With increased knowledge of the structure of flowers the embroideress will gain a keener sense of observation which will be of great value when she studies the natural forms.
Setting forth once more on the high adventure of making her own design, she will bring to her aid the principles already learnt in the making of straight lines while she was building up her patterns and designs.
The Fifth Point: The Stitchery.
We express ourselves and our ideas in embroidery by means of stitches and colour.
To have pleasure in the craft, the needlewoman must have a fairly accurate knowledge of the technique. Stitchery should at all times be as simple as possible, and carefully adapted to the material and the design.
Simpler Types of Stitchery.—The commoner types, those which by experience and long use have been proved to be the most beautiful or the most practical, are the best. All the more complicated forms are merely modifications or combinations of these simple types, many of which are used in “plain” needlework. There are, in fact, few stitches which a careful worker cannot master in a very short time.
Stitchery not the Most Important.—It is wise to remember that stitchery is not the most important factor, but only one of the many which go to the making of good and artistic work. Beauty, in needlework, consists, not in the variation and elaboration of stitch, but in the harmony of material and technique, as well as of form and colour.
Unity of Stitch.—Where coloured threads are used it will often be found advantageous to adopt one stitch only. Many of the charming pieces of embroidery stored up in our museums give us an idea of what can be done in this way, and though we lack, perhaps, both time and patience nowadays, there is no reason why we should not, by cultivation of our tastes, raise the level of the art considerably above its present standard and prove that we can still produce embroidery—of the modest, reticent type—adapted to our own conditions of life, which will reveal both refinement and artistic delight.
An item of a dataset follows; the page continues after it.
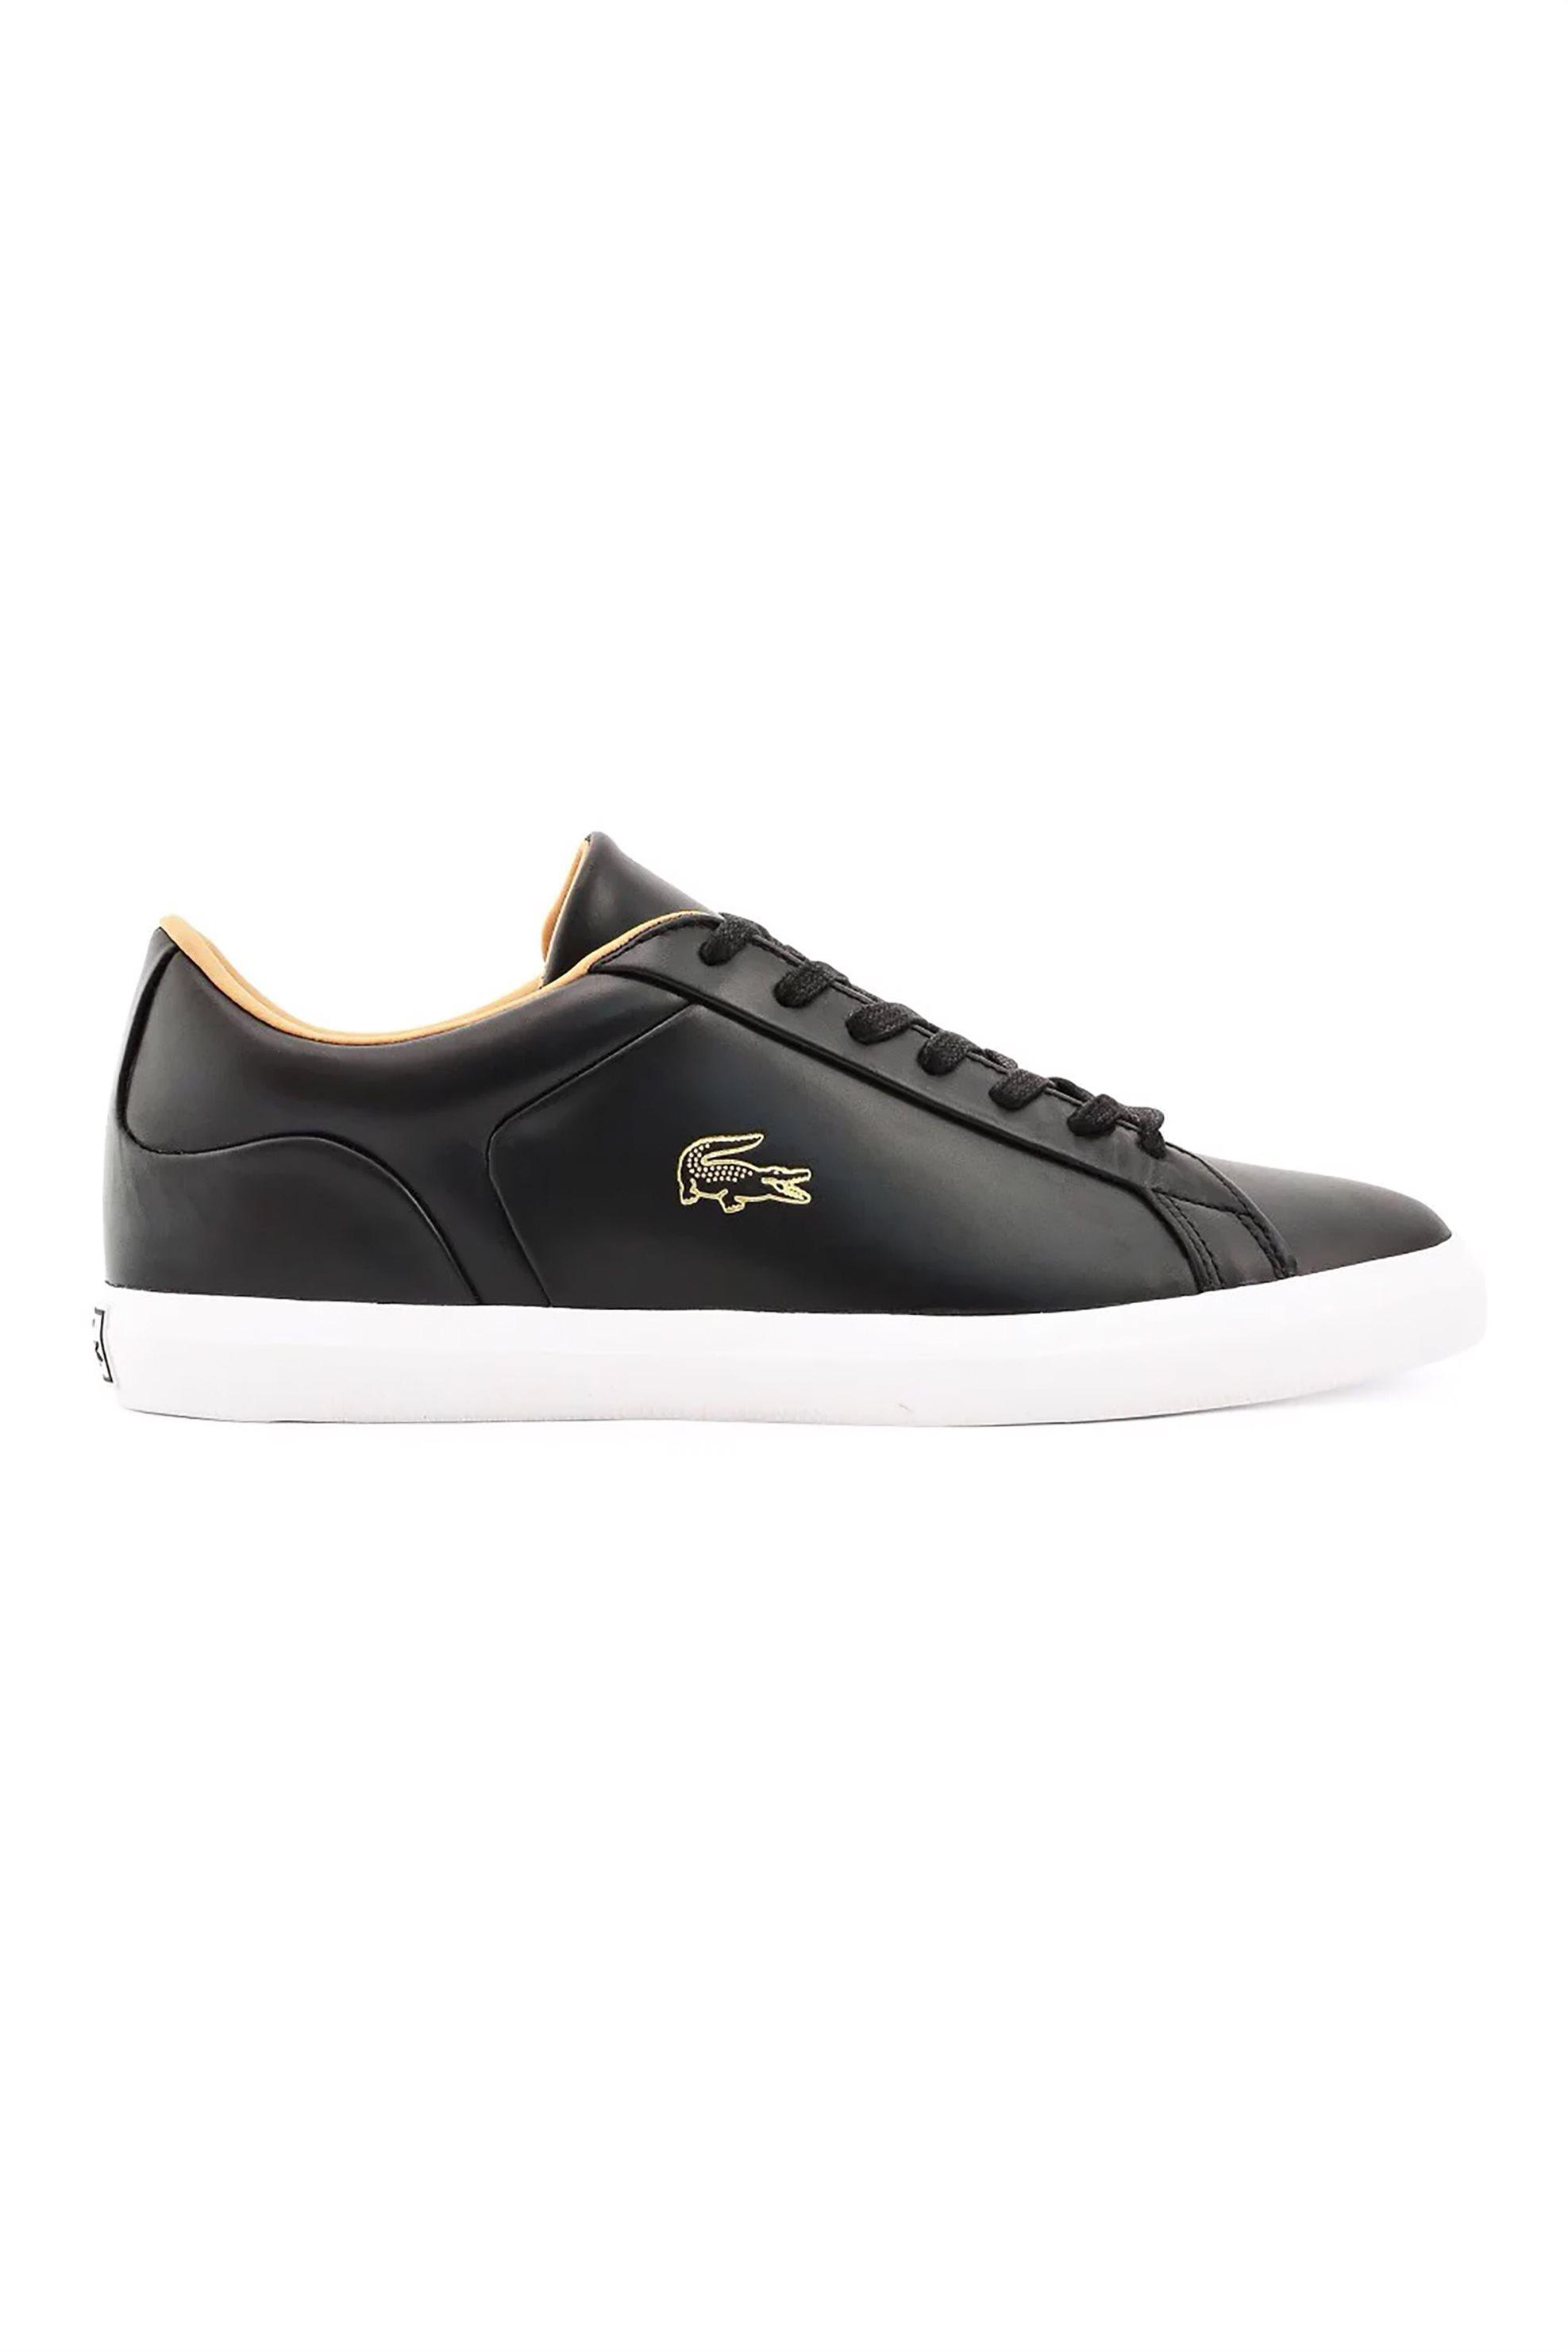 "Lacoste ανδρικα sneakers με χρυσό λογοτυπο ""Lerond"" – 40CMA0012312 – Μαύρο"

To execute a piece of work in one stitch would be excellent practice for the young embroideress, whereby she would learn to know and use a stitch in all its varied aspects. She need not fear monotony—the coloured threads will give sufficient variety. Let her take the simplest of all stitches to begin with—the tacking or basting stitch—and keeping it and its many varieties in her mind when planning out the pattern, she will find that she has many delightful ways of executing it. Tacking or basting stitch, worked in rows, becomes simple darning, a background stitch with which she may make charming patterns and fillings, ad libitum. (Plates II. and XII.) Worked closer, it is a running stitch, wherewith braids may be tacked in place (Plate IV.), frills gathered up, seams of frocks connected, or smocking prepared. Finally, when worked with the same quantity of thread on the under and upper surfaces of the material, it attains a new dignity, and becomes satin stitch—the stitch beloved of the young modern needlewoman, who is generally inspired and stimulated by the wonderful skill and precision of the Eastern needleworkers.